For almost a year the dispute has progressed with what may turn out to have been comparative gentility, beginning with the campaign by animal rights activists to press cross-channel ferry companies to pull out of a trade in calves and sheep which had, hitherto, been worth around £175m a year. True, there had been a few attempts by extremists to harass the ferries by sending letter bombs to their headquarters, but the serious pressure had come from hundreds of thousands of letters from the public, orchestrated by mainstream animal campaigners including a dramatic RSPCA campaign of newspaper ads.
One by one, the ferries capitulated. As exporters found replacement outlets through small ports such as Shoreham in West Sussex and Brightlingsea in Essex, an extraordinary campaign of street protest began. It was aggressive but largely non-violent, and brought together a curiously English coalition of protesting types - hunt saboteurs, opponents of new roads, dreadlocked travellers, politicised protesters against the Criminal Justice Act - with a band of first-timers which included large numbers of middle-aged Tory ladies and retired Home Counties businessmen.

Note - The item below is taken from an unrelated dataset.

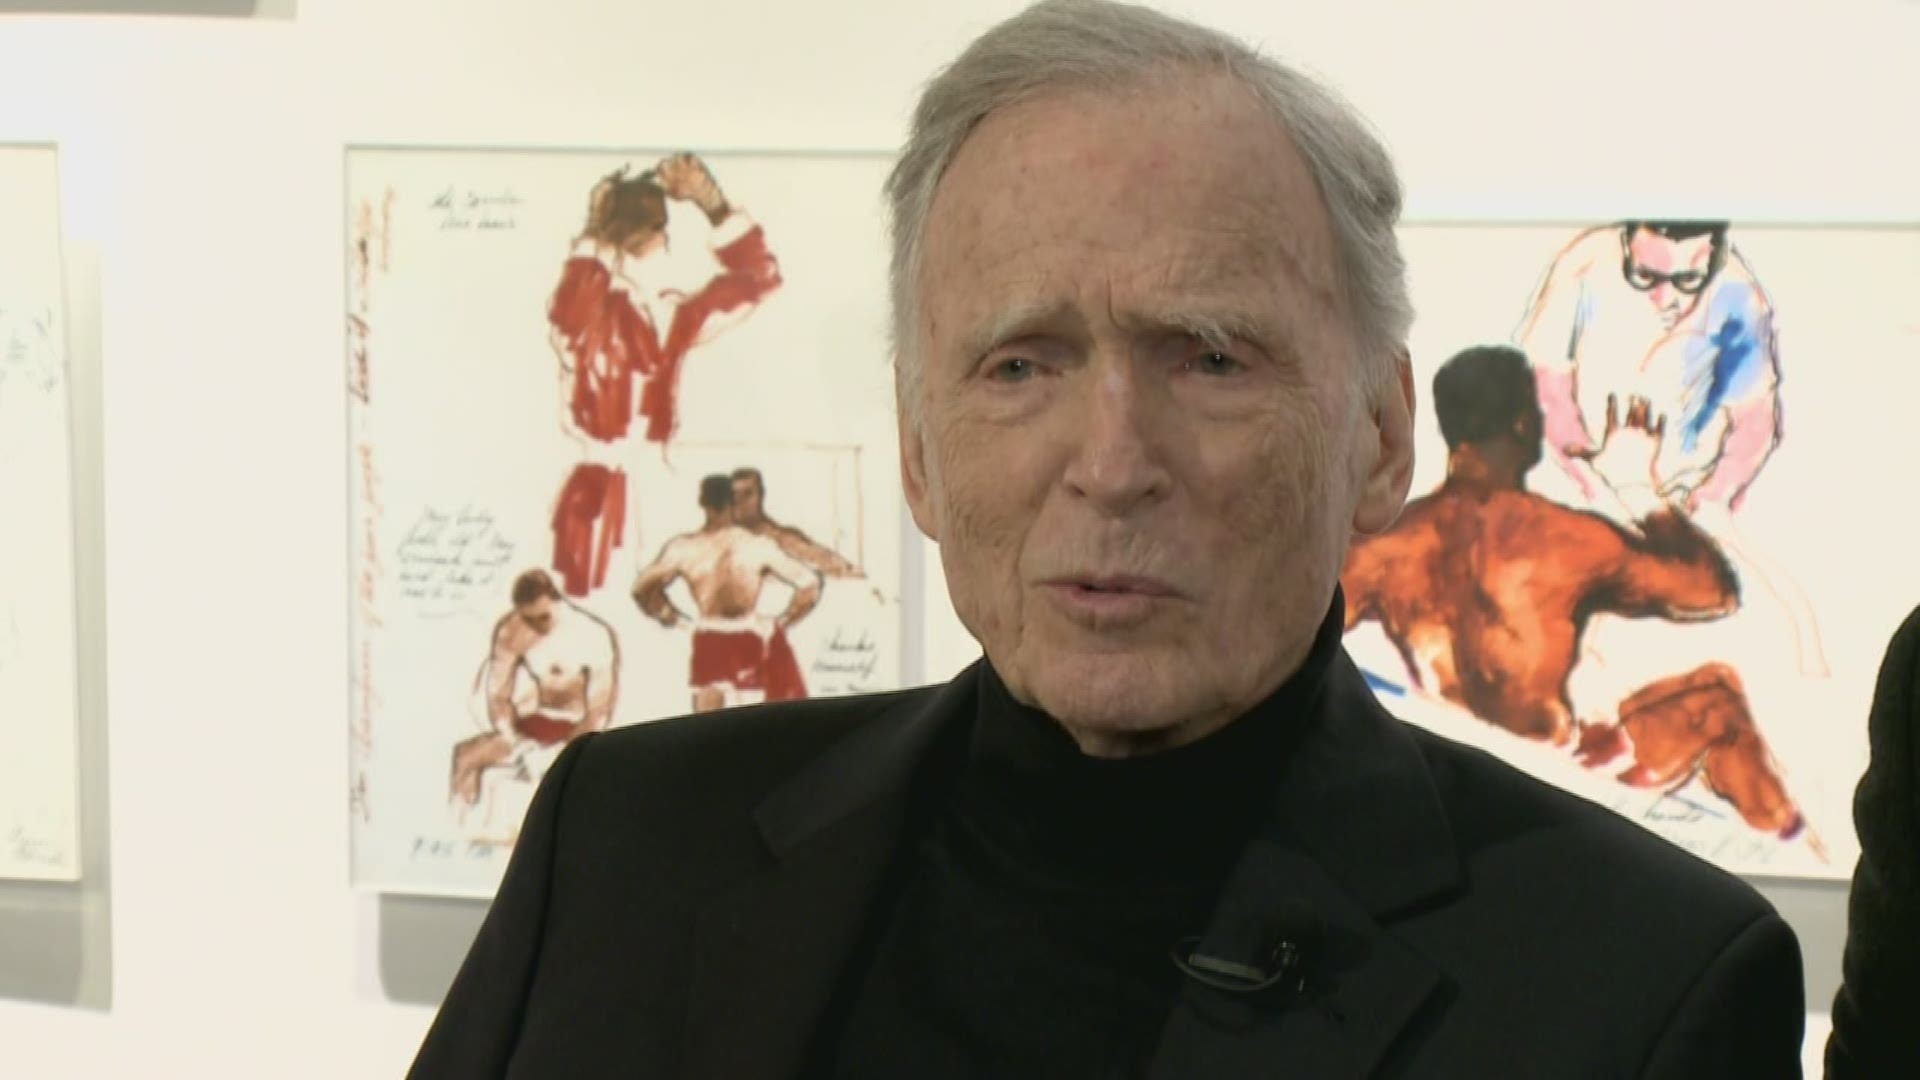 Dick Cavett talked about the upcoming documentary Ali & Cavett: The Tale of the Tapes that will air on HBO.

They were a potent group. Even the tabloid press felt it had to warm to them. Soon Tesco announced it would stop buying veal from Holland, and Sainsbury's put up signs to say it never had. With each new outlet, the port of Plymouth or the airport at Coventry, came new protests. And though at one of them a demonstrator, Jill Phipps, a single mother and veteran animal activist, was accidentally crushed beneath the wheels of a veal lorry, the reaction was one of general sorrow rather than anger. The temperature stayed resolutely cool.
Two weeks ago, things began to change. The Agriculture Secretary, William Waldegrave, after months of emollient noises about how Britain would campaign for change in European law, announced that Britain could not enforce a unilateral ban. The RSPCA and the International Fund for Animal Welfare dispute this analysis and claim to have found a way to ban the trade without violating European law, but the cross-party Welsh affairs select committee came out strongly in support of Mr Waldegrave.
Then last week, two High Court judges ruled that those ports which had crumbled to the pressure of the daily presence of demonstrators at their gates and banned the trade had acted illegally. The judges accused the authorities at Coventry, Dover and Plymouth of "surrendering to mob rule". Public authorities, they said, "must beware of surrendering to the dictates of unlawful pressure groups ... The implications of such surrender for the rule of law can hardly be exaggerated."
It was in this climate that the police decided to get tough. It is unclear what was the proximate influence. Certainly the cost of policing the demonstrations was becoming significant. Figures released to the House of Commons earlier this month show that the additional policing burden was almost £7m: almost £4m at Shoreham, £2m at Brightlingsea, £385,000 in Coventry and £100,000 in Plymouth. But sources in Essex indicate that the Home Secretary, Michael Howard, assured the Assistant Chief Constable, Geoffrey Markham, of his full support if he decided to use the Public Order Act 1986.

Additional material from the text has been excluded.